"Africa is, indeed, coming into fashion." - Horace Walpole (1774)


humanitarian impulse

From The Somaliland Press:
Spokesmen for the so-called “Somali pirates” have expressed willingness to transfer part of their loot captured from transnational boats and send it to Haiti.

Leaders of these groups have declared they have links in various places around the world to help them ensure the delivery of aid without being detected by the armed forces of enemy governments.

The “pirates” typically redistribute a significant portion of their profits among relatives and the local population. In their operations, the “pirates” urge transnational corporations that own the cargo confiscated to pay back in cash as banks can not operate in Somalia.
More analysis on the pirates' announcement is here. Any thoughts on why the word "pirates" is placed in quotes throughout the story?


Anonymous dickie said...

perhaps it's a bid for legitimacy. we should stop calling them "the pirates" and start calling them "the merry men"

Wednesday, February 03, 2010 7:51:00 AM

Anonymous Rachel said...

I'm in the middle of "Shadows of War" by Carolyn Nordstrom, an excellent book in which she demonstrates the immensely blurry line between "legitimate" and "illegitimate." So, the claim that the pirates (or "pirates") have links that can move goods around the world without them being detected by armed forces appears absurd: most likely many of their links are IN those armed forces.

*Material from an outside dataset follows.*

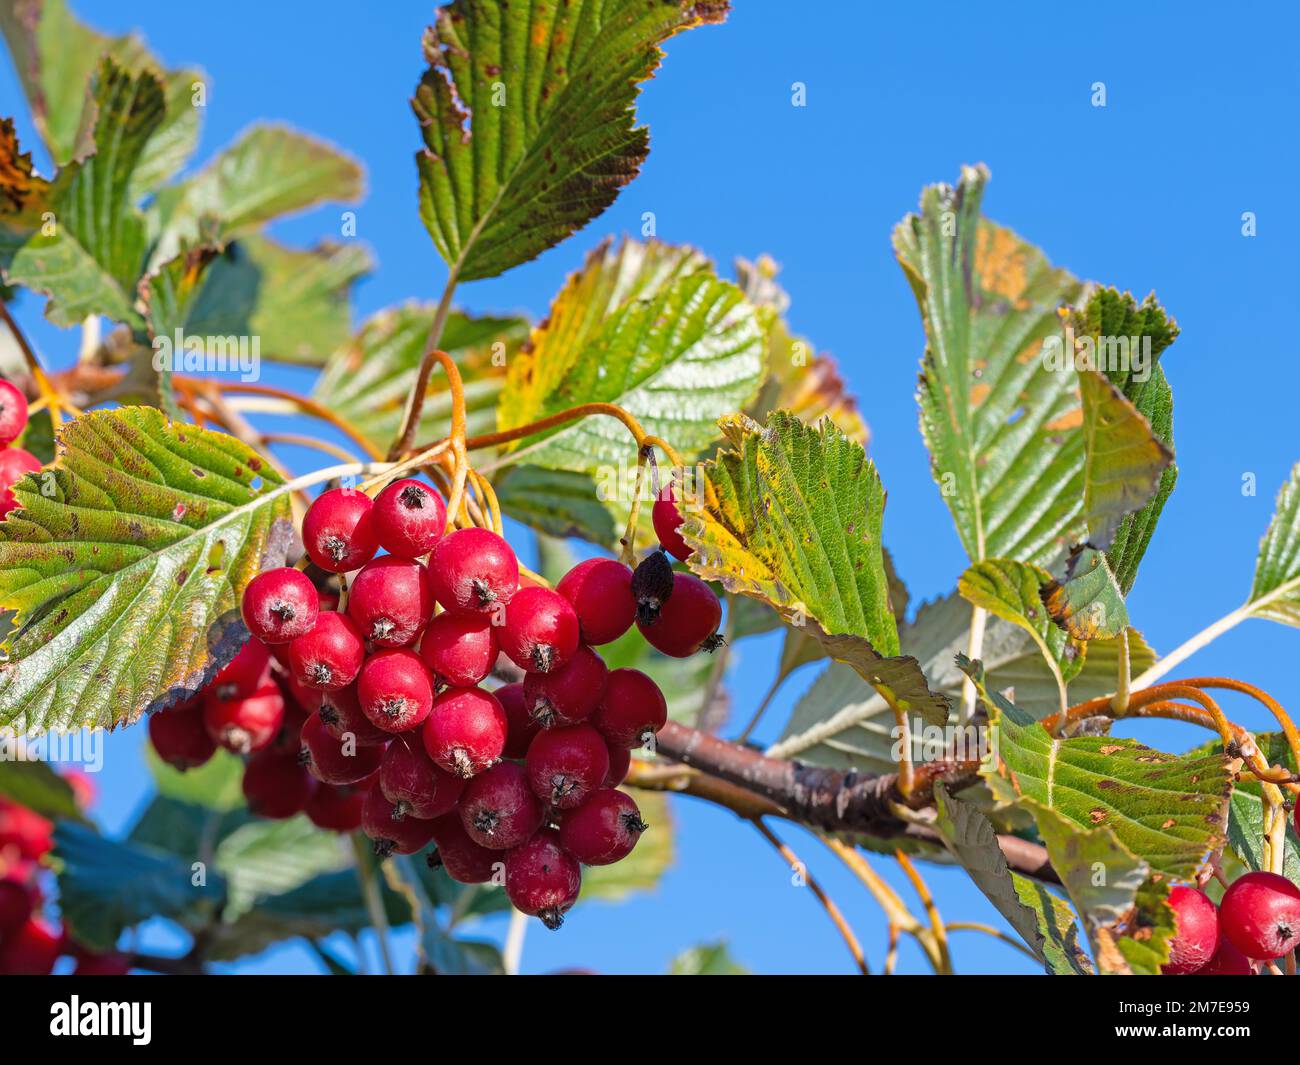 Fruits from the meal berry tree in a close-up Stock Photo

Why? Because there is tremendous money to be made, and the way shadow economies function is through numerous connections to the "open" economy. Of course, it behooves neither side to admit this.

My point is, let's not think the pirates would have to work too hard to make those transfers happen, if they (oddly) wanted to.

Wednesday, February 03, 2010 12:30:00 PM

Anonymous zee said...

I wonder if they're going to donate it to I ARRRR C.

Thursday, February 04, 2010 8:28:00 AM

Blogger texasinafrica said...

Oh, I hope so!!!

Rachel, I have little doubt that they have a way to launder the money through London and get it to aid victims. I'm working on a pirate research project in which we're arguing that they're looking more and more like a form of governance as time goes by (albeit governance that engages in criminal activity, but there are lots of governments that do that).